In this demo, we will be deploying Cilium, Ingress-nginx, Prometheus, Tempo, and Grafana. Afterwards we will install the Isovalent "jobs-app" for demoing the Hubble HTTP metrics.

Cilium Install

Next, let's install Cilium:

# masterIP is needed for kubeProxyReplacement
MASTER_IP="$(docker inspect kind-control-plane | jq '.[0].NetworkSettings.Networks.kind.IPAddress' -r)"
helm upgrade cilium cilium/cilium \
  --version 1.13.0-rc2 \
  --install \
  --wait \
  --namespace kube-system \
  --values helm/cilium-values.yaml \
  --set kubeProxyReplacement=strict \
  --set k8sServiceHost="${MASTER_IP}" \
  --set k8sServicePort=6443

Next, check the pods, and run the cilium status once everything is Running:

kubectl get pods -n kube-system
cilium status --wait

ingress-nginx install

We use ingress-nginx to access Grafana.

helm upgrade ingress-nginx ingress-nginx/ingress-nginx \
  --install \
  --wait \
  --namespace ingress-nginx --create-namespace \
  --version 4.1.3 \
  --values helm/ingress-nginx-values.yaml

OpenTelemetry operator and collector

This will be how we send traces to Tempo

helm upgrade opentelemetry-operator open-telemetry/opentelemetry-operator \
  --install \
  --wait \
  --namespace opentelemetry-operator --create-namespace \
  --version 0.15.0 \
  -f helm/opentelemetry-operator-values.yaml
kubectl apply -n opentelemetry-operator -f manifests/otel-collector.yaml

Tempo install

Tempo will receive our traces from the OTEL collector.

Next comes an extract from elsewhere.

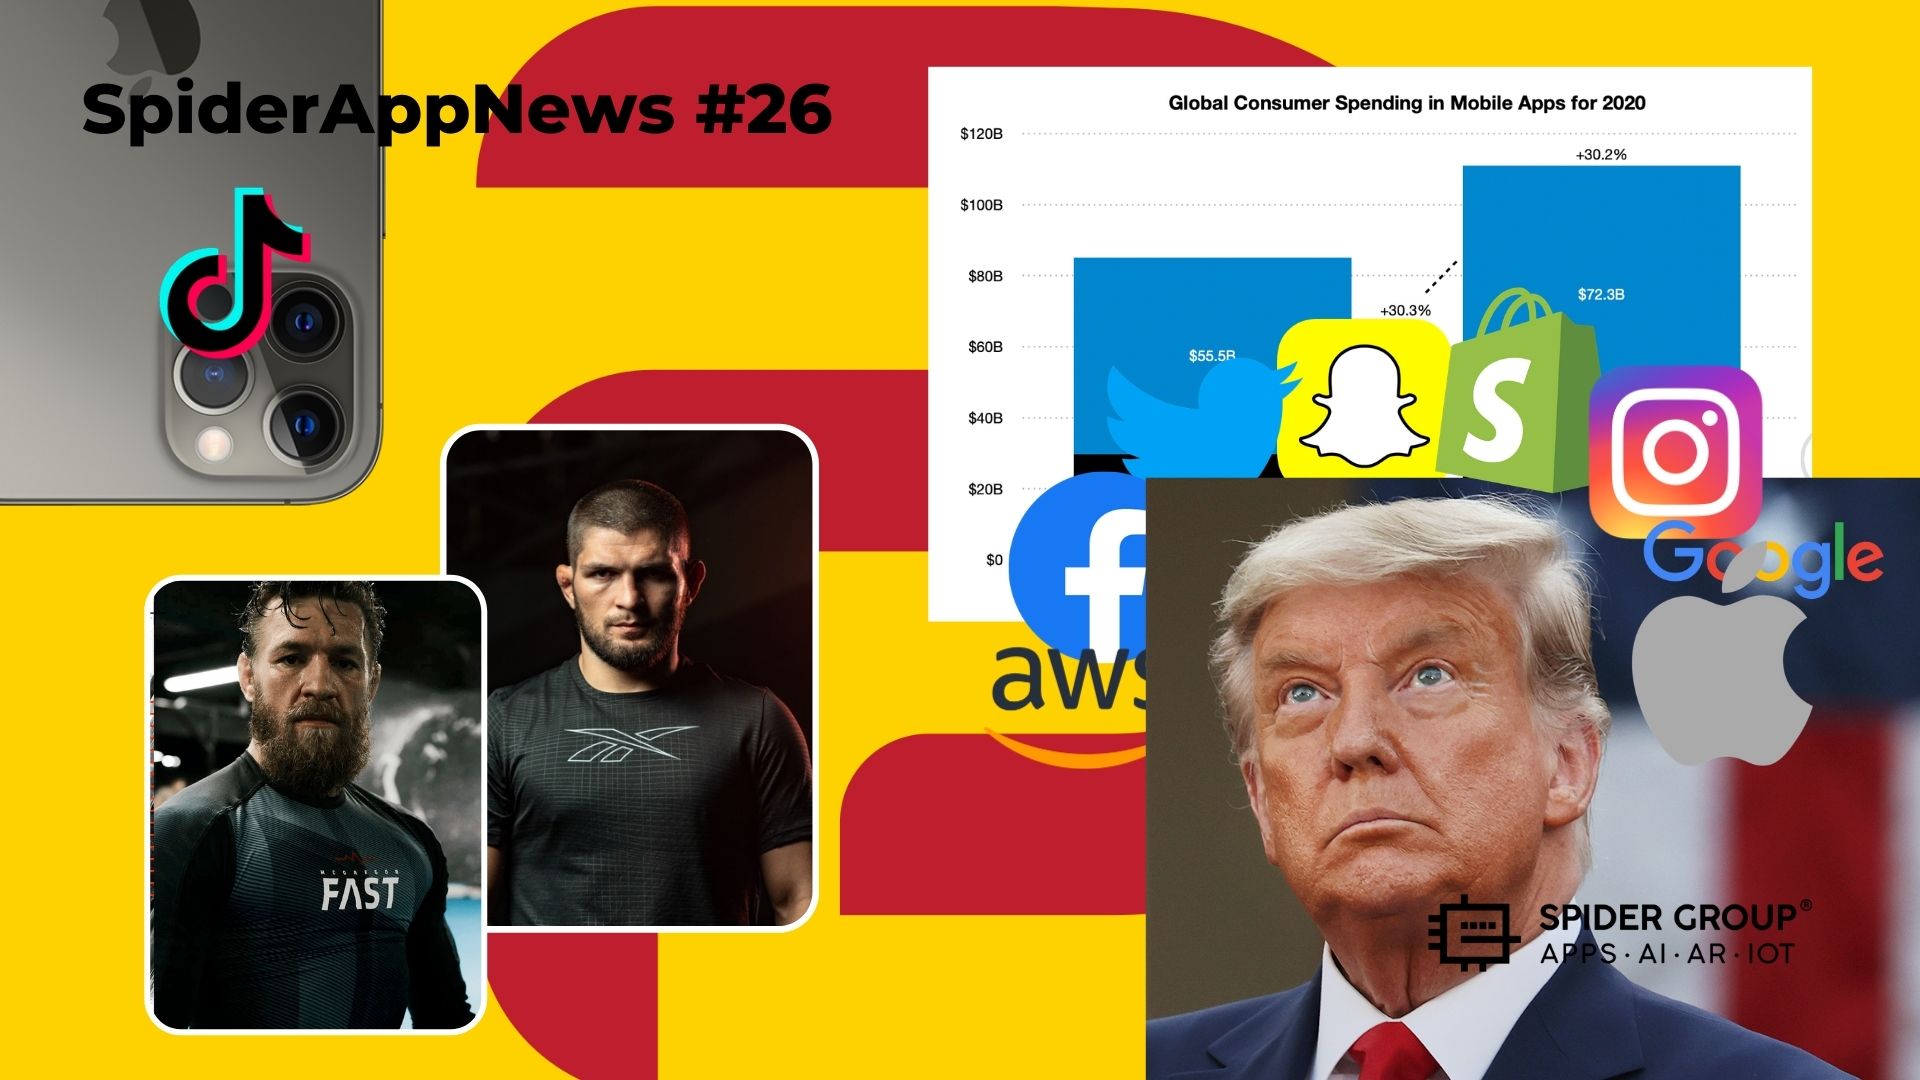 SpiderAppNews 26: Трамп под цензурой, выключение Parler, расходы в приложениях 2020

helm upgrade tempo grafana/tempo \
  --install \
  --wait \
  --namespace tempo --create-namespace \
  --create-namespace \
  --version 0.16.2 \
  -f helm/tempo-values.yaml

Prometheus & Grafana install

Prometheus will be used for collecting and storing the metrics produced by Hubble and Grafana will be used to visualize the metrics.

helm upgrade kube-prometheus prometheus-community/kube-prometheus-stack \
   --install \
   --wait \
   --namespace monitoring --create-namespace \
   --version 40.3.1 \
   --values helm/prometheus-values.yaml

Now you should be able to visit Grafana in your browser at http://grafana.127-0-0-1.sslip.io with the username admin, password password.

Note If you're running Kind on a virtual machine in the public cloud, you can use port forwarding to access this URL from your local browser. For example, on GCP gcloud compute ssh --ssh-flag="-L 30080:localhost:80" --zone "<zone>" "<VM instance>" will allow you to access this Grafana instance at http://grafana.127-0-0-1.sslip.io:30080 in your web browser

jobs-app install

Next we're going to deploy the jobs-app which includes a L7 CiliumNetworkPolicy so Hubble will generate metrics based on the HTTP flows, and some optional support for for tracing.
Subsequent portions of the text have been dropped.